Así fue. ¡Gracias, terrybahena!


----------



## RVGRINGO (May 16, 2007)

It seem that I am a day late, and a dollar short, as usual. Hope you celebrated your special day yesterday and enjoyed all the attention, because today you are just older.


----------



## Isla Verde (Oct 19, 2011)

RVGRINGO said:


> It seem that I am a day late, and a dollar short, as usual. Hope you celebrated your special day yesterday and enjoyed all the attention, because today you are just older.


I did, RV. And thanks for reminding me that time marches on (and on), no matter how much I wish it wouldn't  .


----------



## RVGRINGO (May 16, 2007)

No matter how fast it marches, and it does, you can‘t catch up with me. I‘m older than dirt now.


----------



## Isla Verde (Oct 19, 2011)

RVGRINGO said:


> No matter how fast it marches, and it does, you can‘t catch up with me. I‘m older than dirt now.


That does make me feel better!


----------



## RVGRINGO (May 16, 2007)

Isla Verde said:


> That does make me feel better!


Just temporarily. Listen for the drum.......


----------



## Isla Verde (Oct 19, 2011)

RVGRINGO said:


> Just temporarily. Listen for the drum.......


No drumbeats for me, thanks. I've gotten very good at ignoring things, like the march of time, that I can't do anything about.


----------



## Isla Verde (Oct 19, 2011)

JoanneR2 said:


> A good old fashioned happy Birthday from me. We should meet up some time as we live so close by. J


Sorry I missed thanking you yesterday for your birthday greeting. I'd love to get together. Why not send me a PM when you have some free time, so we can make plans?


----------



## JoanneR2 (Apr 18, 2012)

Isla Verde said:


> Sorry I missed thanking you yesterday for your birthday greeting. I'd love to get together. Why not send me a PM when you have some free time, so we can make plans?
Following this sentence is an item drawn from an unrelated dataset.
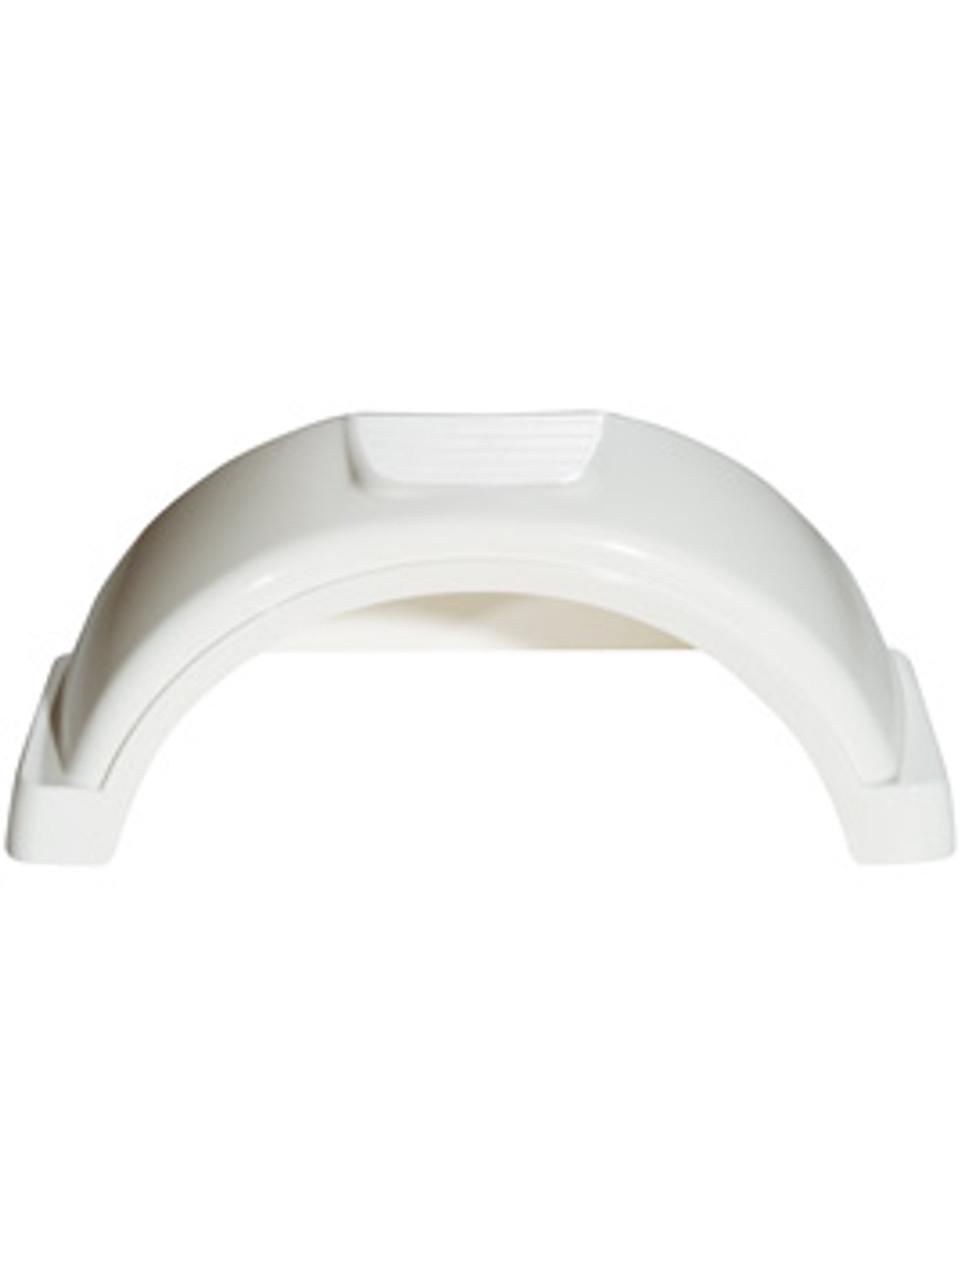 "PF8543 --- Fulton Plastic Fender - 13"" Tire Size - White"

Will do. We are off on holiday next week so I'll drop you a line when we get back if that's OK. Will be good to get away from the rain for a while. Even the UK is having better weather than DF at the moment. Though, of course, as I type this the sun is shining outside....


----------



## Isla Verde (Oct 19, 2011)

JoanneR2 said:


> Will do. We are off on holiday next week so I'll drop you a line when we get back if that's OK. Will be good to get away from the rain for a while. Even the UK is having better weather than DF at the moment. Though, of course, as I type this the sun is shining outside....


This has been the wettest, the worst summer I've ever lived through in Mexico, similar to the weather I remember from a summer I spent in London in 1974. I was thrilled when it didn't rain for my birthday on Tuesday, but today is even better - the sun has been brightly shining for several hours instead of just a few minutes! Please write to me when you get from your vacation.


----------